I thought the problem was obvious - allocating 25 M elements on the heap when reading that number of bytes from the socket - assuming it was a bug.

However, if the output of the --trace-allocation is bytes and not number of allocations, then there is no bug and the GC is just extremely slow.

eg: ~ 50% of the program runtime is just spent doing GC. This is crazy.

In my case I tried to avoid allocations as GC temporarily halted all the threads and I lost data. I don’t know much about UDP/TCP comms but allocating on each read seems unnecessary to me.

It is certainly unnecessary in the context of

read!(socket, buffer)

because this (should - as far as I know) overwrite the contents of buffer with the data from socket until enough bytes have been read to fill buffer.

You’d think so, but read! isn’t defined in Sockets. This is well beyond my knowledge, but Base.read! seems to use unsafe_read and the code for that has the comment “It is recommended that subtypes T<:IO override the following method signature
to provide more efficient implementations:” Sockets doesn’t seem to provide any such override.

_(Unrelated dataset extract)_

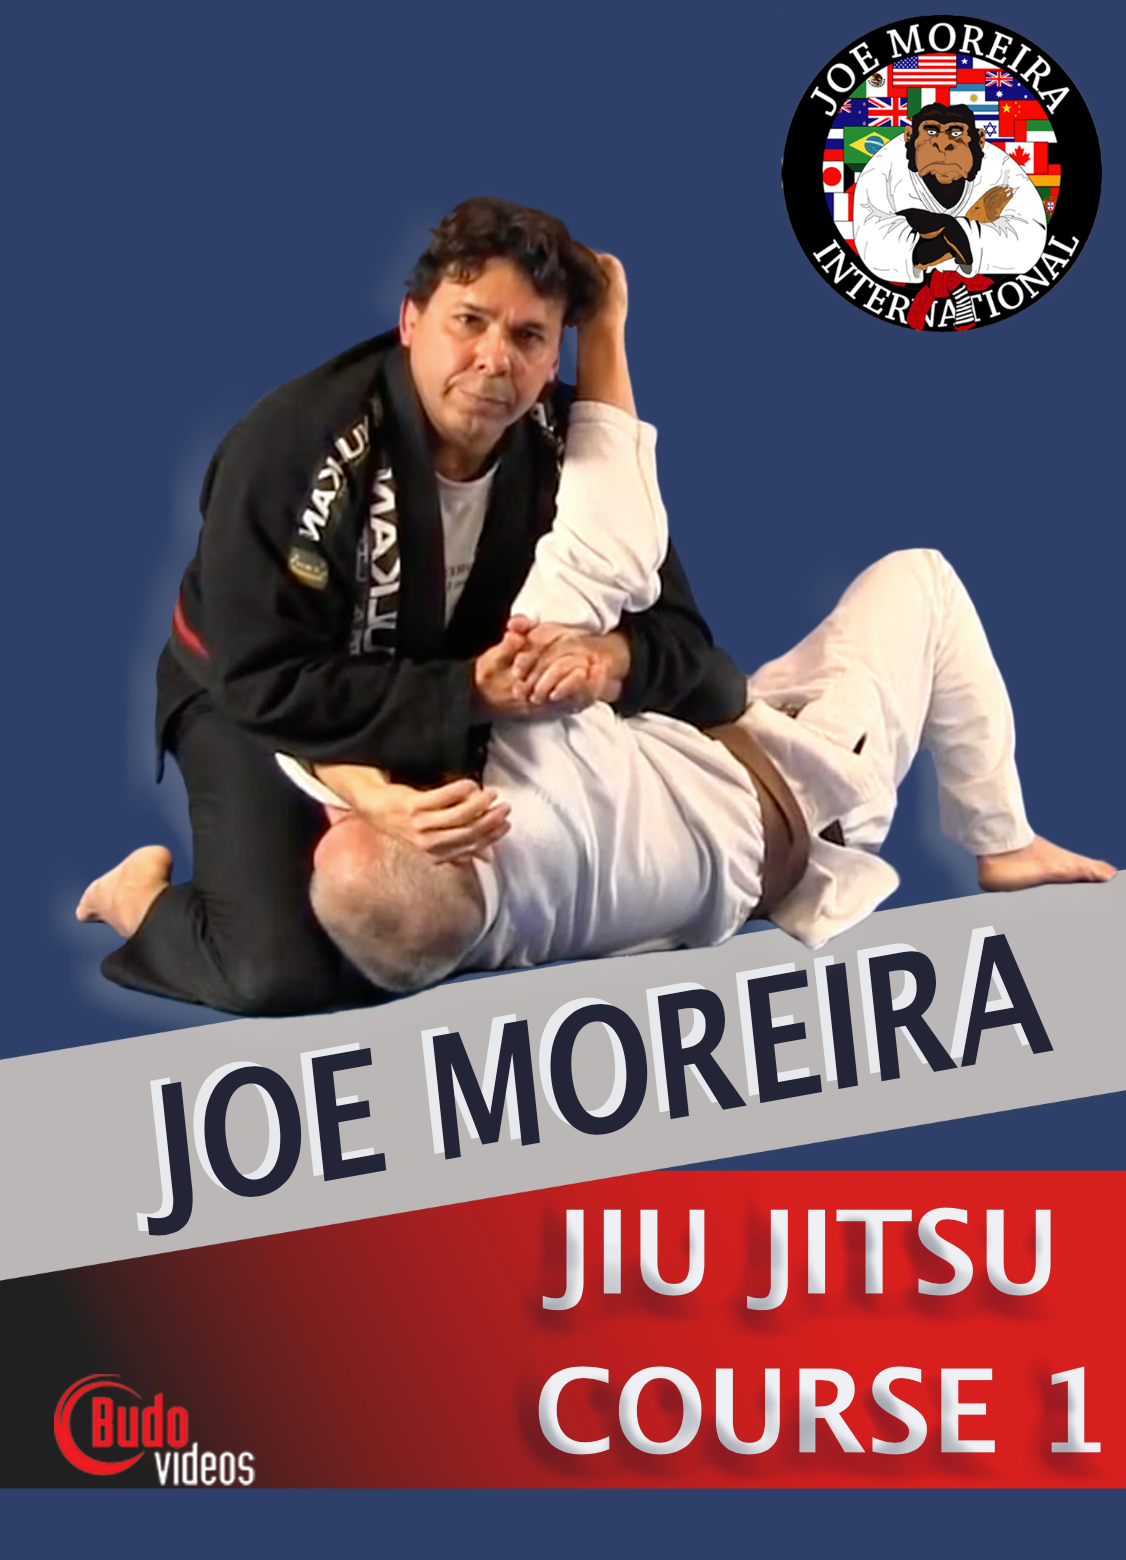 Joe Moreira Jiu Jitsu Curso 1 (Bajo Demanda)
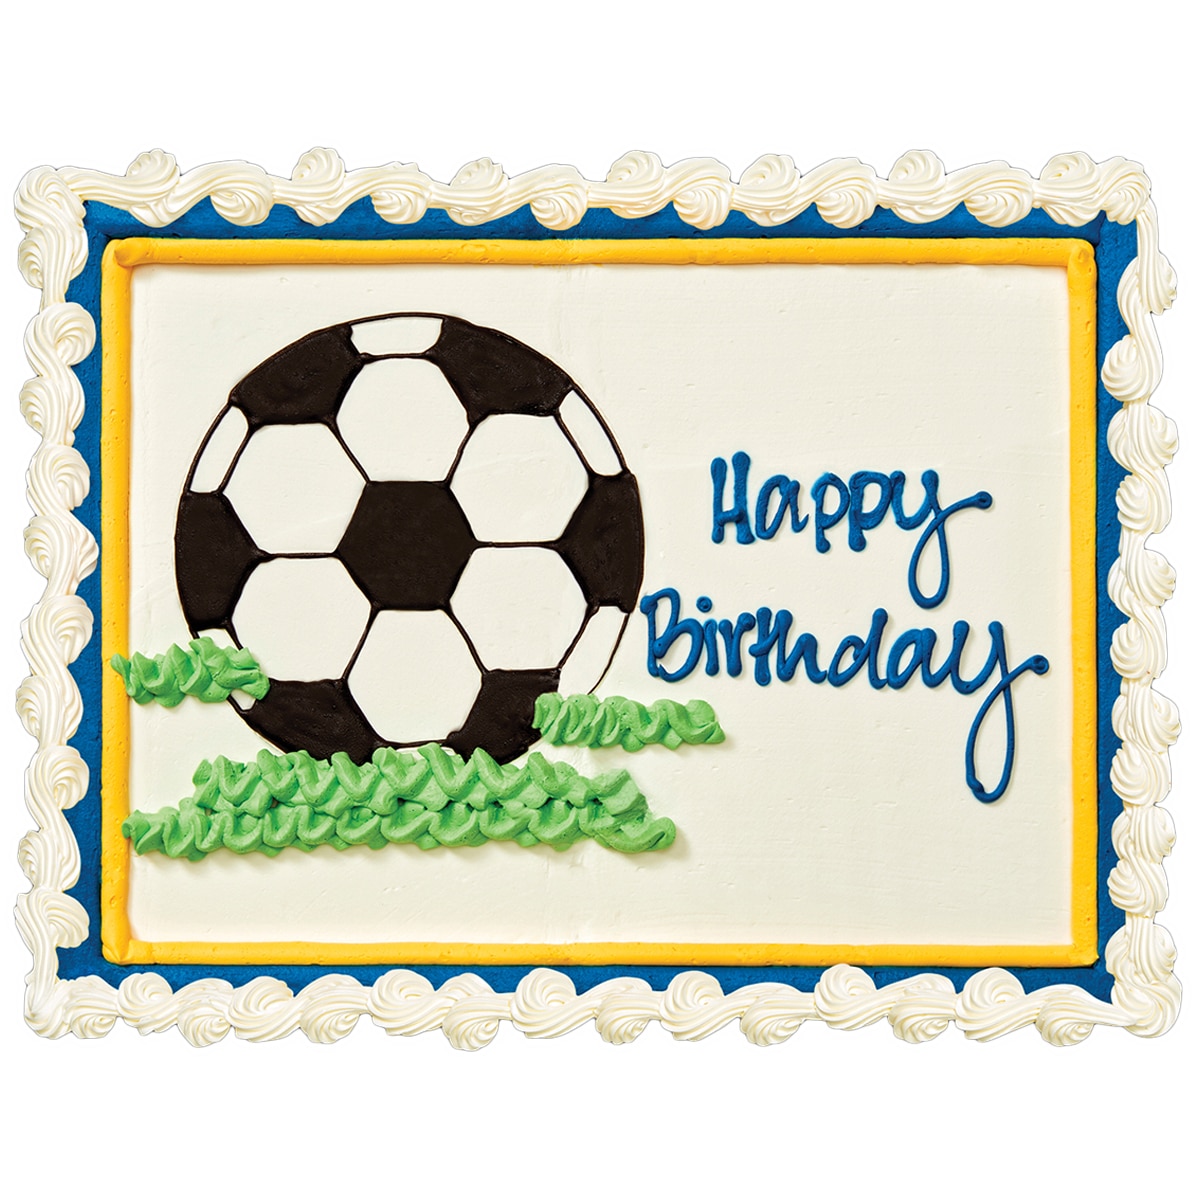 Happy Birthday - Soccer Cake

Maybe there’s something missing from Sockets that I don’t really understand?

I get only a few allocations:

The sender:

using Sockets
server = Sockets.listen(IPv4("127.0.0.1"), 22222)
socket = accept(server)

v = Vector{Int64}(undef, 1000)

for i in 1:1000
    write(socket, v)
end

The receiver:

using Sockets
sock = Sockets.connect(IPv4("127.0.0.1"), 22222)
v = Vector{Int64}(undef, 1000000)
julia> @time read!(sock, v);
  0.001464 seconds (9 allocations: 224 bytes)

The output of this doesn’t make sense to me.

9 allocations, and 224 bytes allocated? To read an array of 8 MB ?

The @time read!(sock, v) reports allocations for the read!. The allocation of the vector is in the line before: v = Vector{Int64}(undef, 1000000).

Why read! allocates at all, I don’t know.

Ok thanks. Very strange.

This is the result I see:

julia> @time read!(sock, v)
  0.038267 seconds (162 allocations: 2.609 KiB)

Why would my result be significantly different to yours?